Её замок был полон молодых людей, монашек, пилигримов, менестрелей, каждому находилось место и своя забота. Погостив, многие отправлялись дальше, кто-то уходил в монастырь, кто-то отправлялся на службу, находил сеньора, уезжал на турнир.
Первое время Эрвин не верил в бескорыстность баронессы, старался угадать её личные мотивы, между делом выспрашивал у молодых людей из окружения о её отношениях с ними. Но потом понял: нет, она, в самом деле, благочестива и чиста в помыслах, часы проводит в молитвах и переживает за всех, кому дала кров и пристанище. Сердце её полно добра и любви к ближнему больше, чем у большинства из тех, кто обряжён в рясу. Она верила, что, помогая людям здесь, она облегчает участь своим любимым там, на небесах. Она молилась за души супруга и детей, и думала, что помогает и им и себе, конечно.

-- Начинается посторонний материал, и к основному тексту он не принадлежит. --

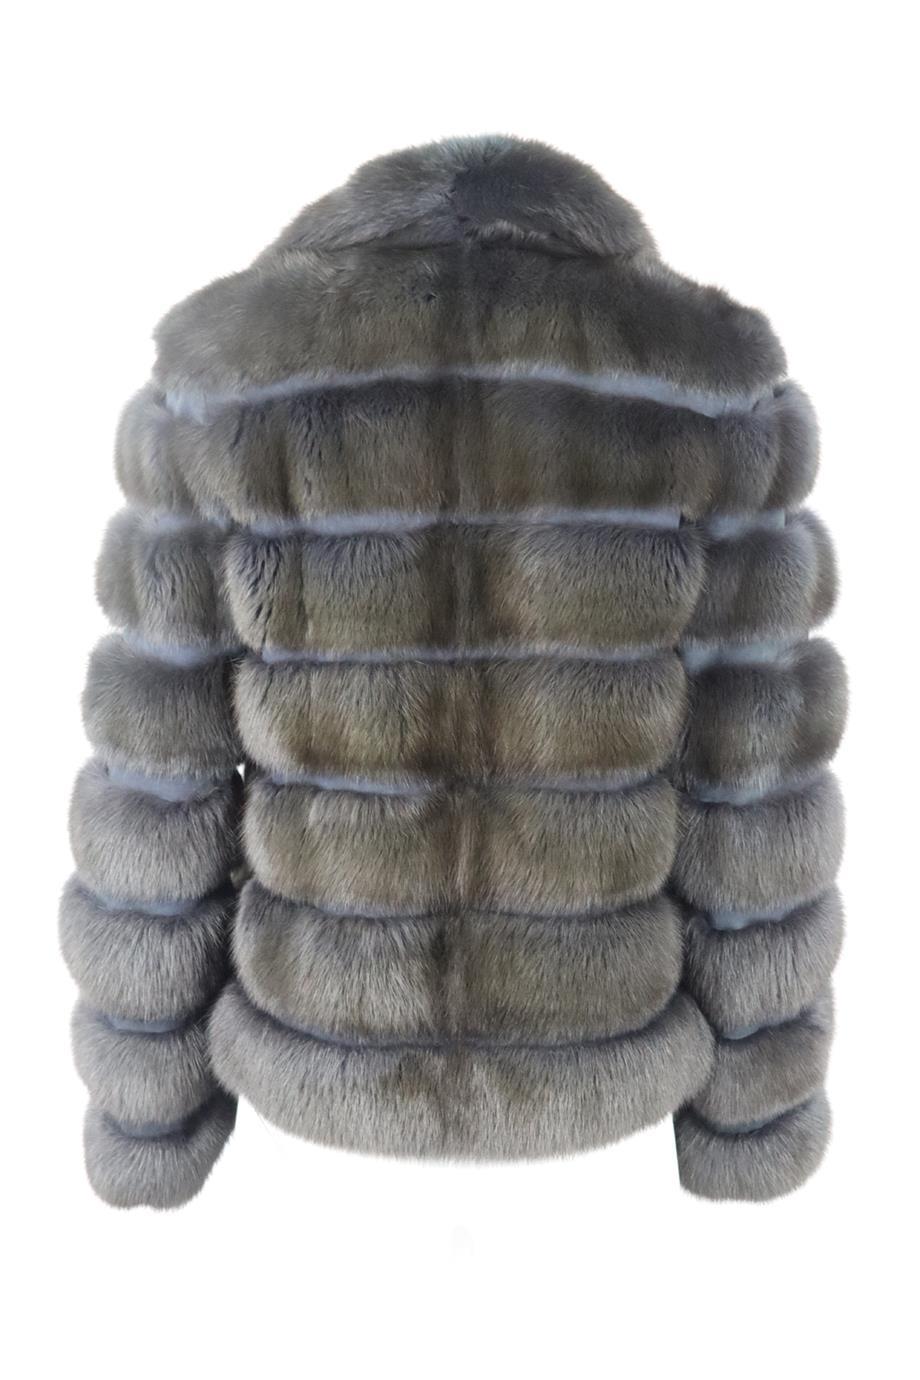 Women's Dennis Basso Sable Fur And Suede Jacket Small

С первых же дней она приблизила к себе Эрвина, часто приглашала его к себе на совместные молитвы, заставляла его слушать то, что читает ей камеристка, старалась выспросить у него о его тайных желаниях и мечтах, задумчиво трепала его по плечам, и грустно улыбалась, глядя ему в лицо. Одна из старых горничных сказала ему, что Эрвин похож на её погибшего младшего сына, поэтому баронесса так и привязалась к нему. Об этом предупреждал и сэр Радли.
Да, большего и желать нельзя. Он хорошо устроился, он был здесь в своём мире, тренировался среди других ребят, ездил верхом, охотился, участвовал в пирах и праздниках, много времени проводил с баронессой.
Это было временем отдыха и раздумий.
Пока не случилось то, чего он не ожидал. Эрвин уже подумывал рассказать баронессе о своём прошлом, о дяде Вольфе и его предательстве, рассчитывал приобрести в её лице покровителя, но...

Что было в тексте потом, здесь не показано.